Since $ p $ divides itself, it must also divide at least one of the factors $ q_x $ on the right-hand side.

If $ p $ is prime and divides $ q_x $, then $ q_x $ must be equal to $ p $:

$$ p \mid q_x \Rightarrow q_x = p $$

Rewriting the equation:

$$ p = q_x \cdot q_1^{k_1} \cdot q_2^{k_2} \cdots q_n^{k_n} $$

Since $ q_x = p $, the only way for this equality to hold is if all other exponents are zero:

$$ p = q_x \cdot q_1^{0} \cdot q_2^{0} \cdots q_n^{0} $$

$$ p = q_x \cdot 1 \cdot 1 \cdots 1 $$

$$ p = q_x $$

$$ p = p $$

This proves the base case of our induction.

Now, assume that uniqueness holds for all factorizations involving $ m-1 $ irreducible factors.
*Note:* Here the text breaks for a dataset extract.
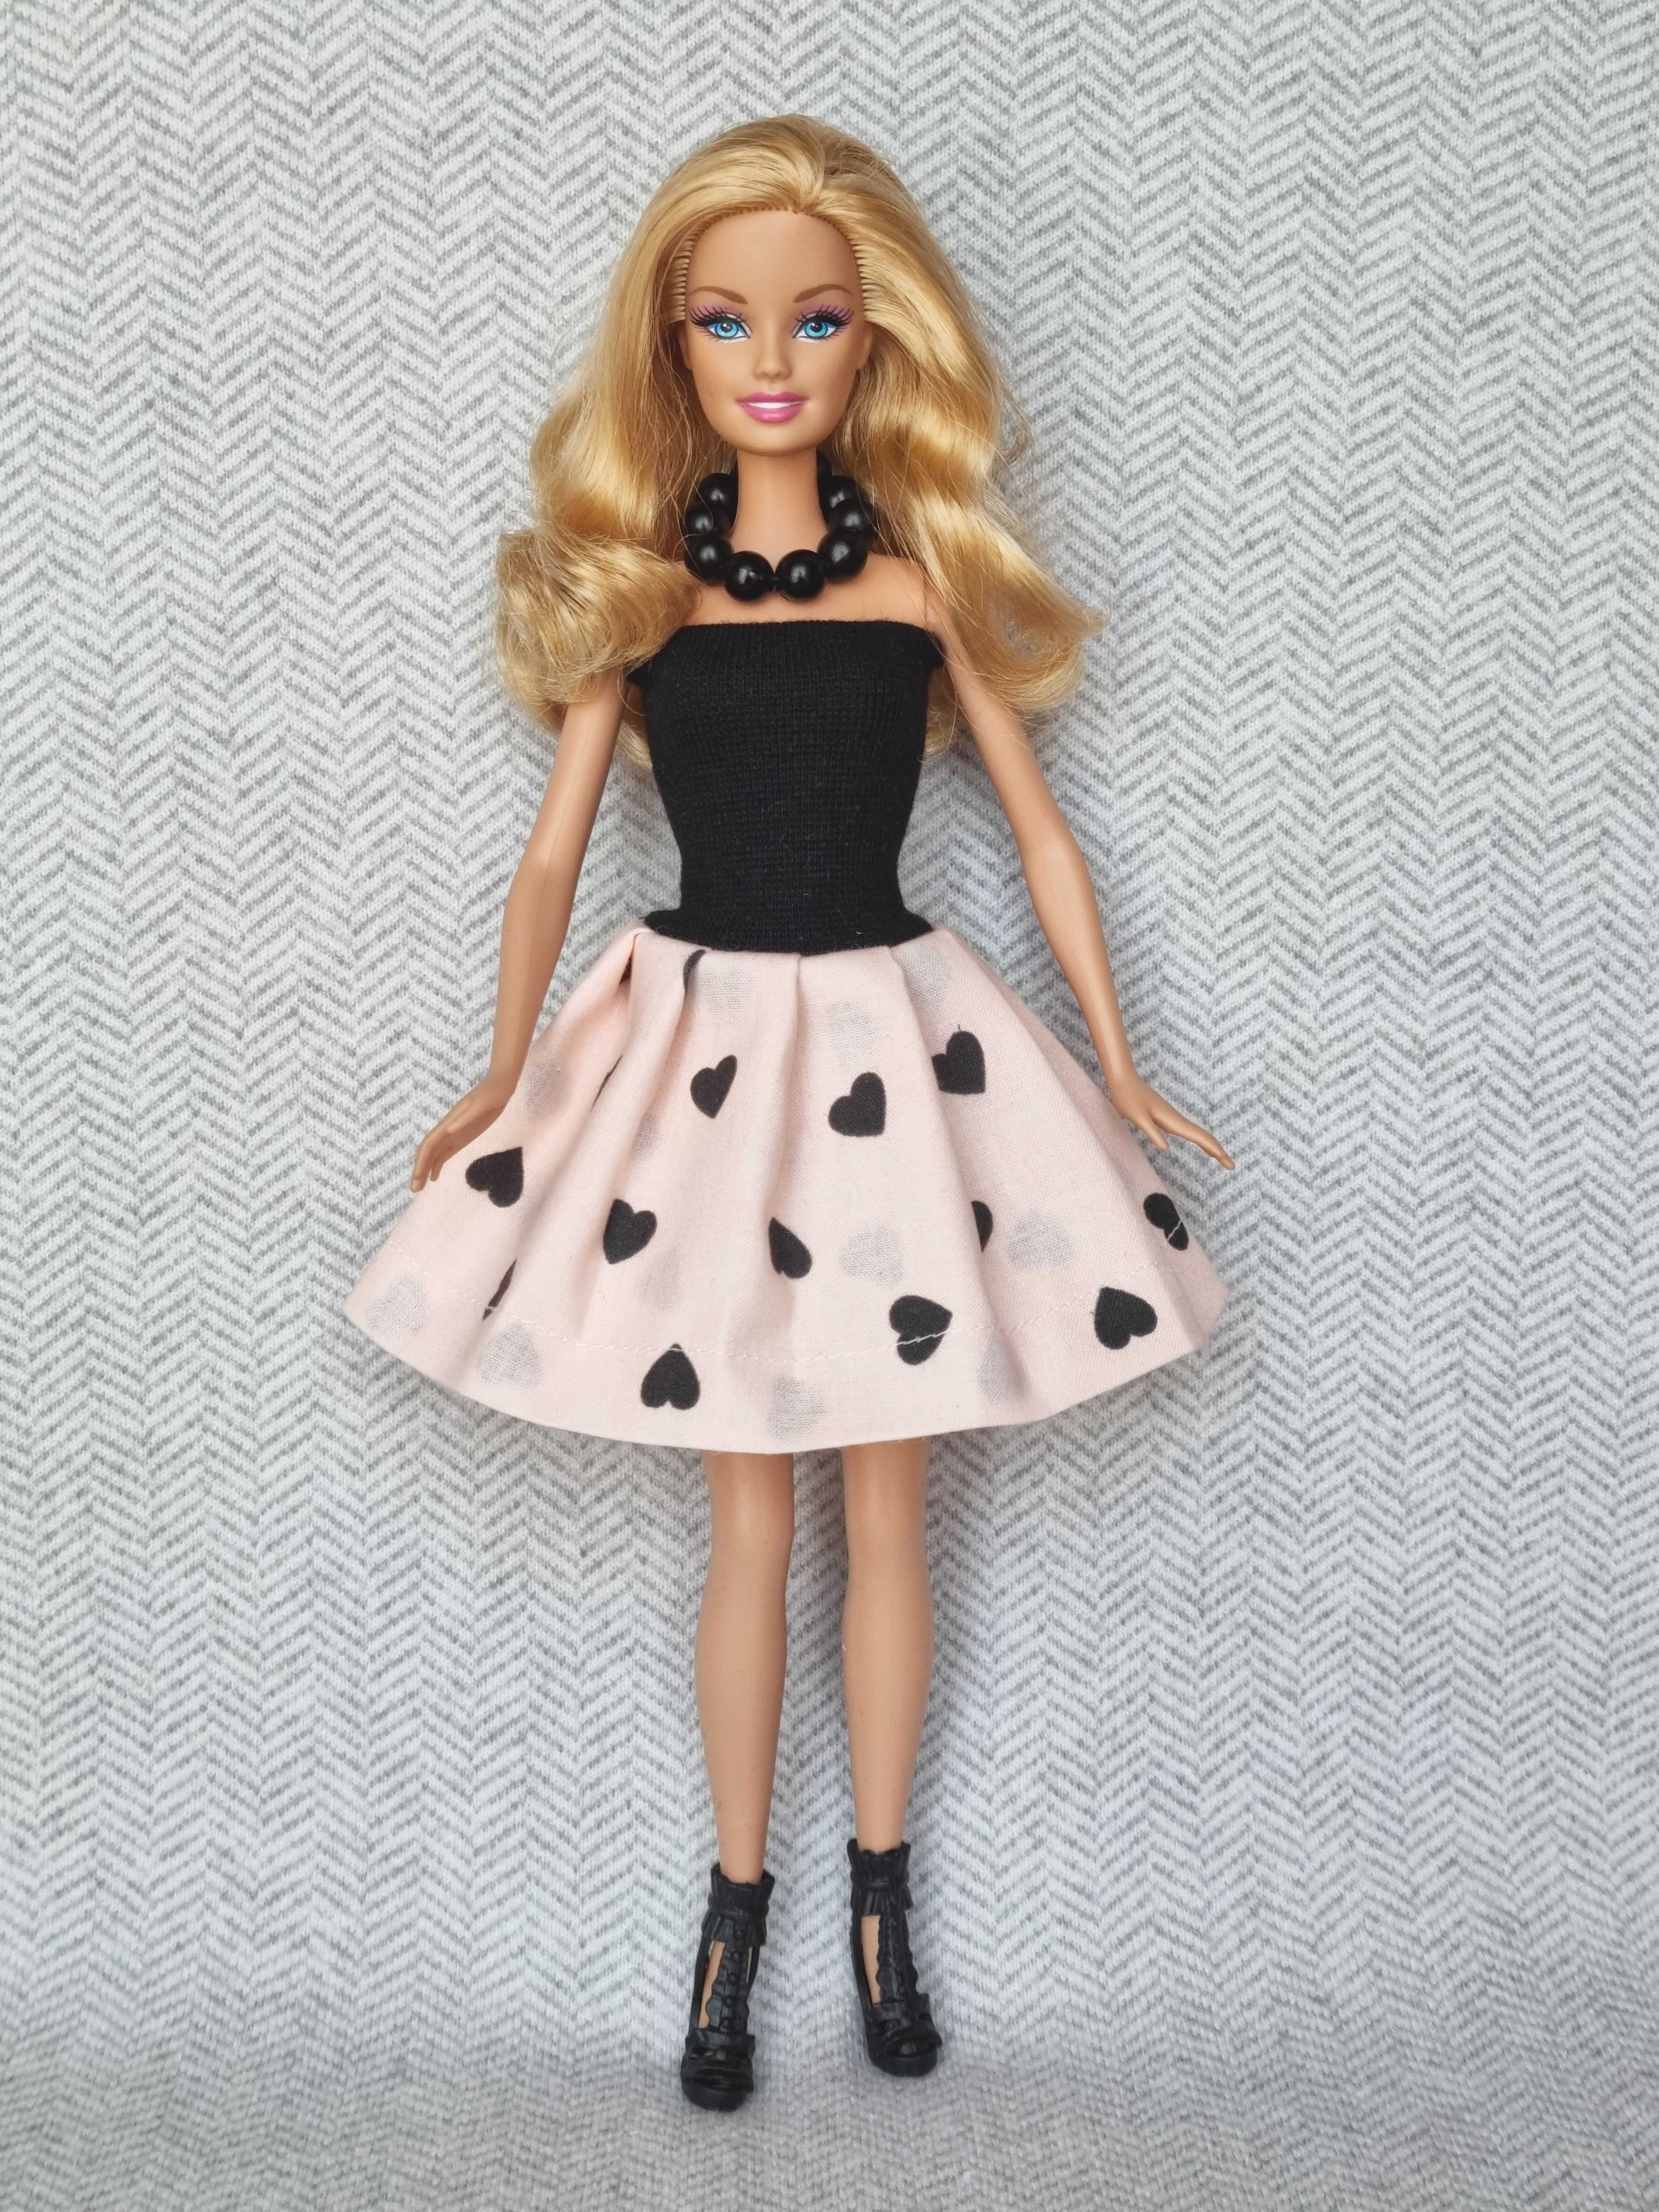 Kombinezon i sukienki dla lalki Barbie! W kpl. buciki i korale

Consider an integer $ n $ with a minimal-length factorization of $ m $ irreducible elements, where each $ p_i > 1 $:

$$ n = p_1^{h_1} \cdot p_2^{h_2} \cdots p_m^{h_m} $$

Suppose $ n $ has an alternative factorization into $ m $ irreducible factors:

$$ n = q_1^{h_1} \cdot q_2^{h_2} \cdots q_t^{h_t} $$

This gives the equality:

$$ p_1^{h_1} \cdot p_2^{h_2} \cdots p_s^{h_s} = q_1^{h_1} \cdot q_2^{h_2} \cdots q_t^{h_t} $$

Let $ p_1 $ be a prime that divides at least one $ q_i $ on the right-hand side:

$$ p_1^{h_1} \cdot p_2^{h_2} \cdots p_s^{h_s} = q_1^{h_1} \cdots q_i \cdots q_t^{h_t} $$

We can cancel $ p_1 $ and $ q_i $ from both sides.

This reduces the number of irreducible factors in $ p $ to $ m-1 $.

By the induction hypothesis, this factorization must also be unique.

It follows that every $ q_i $ must be equal to some $ p_i $, except possibly for their order.

Thus, we have proven the uniqueness of the minimal-length factorization.

And so on.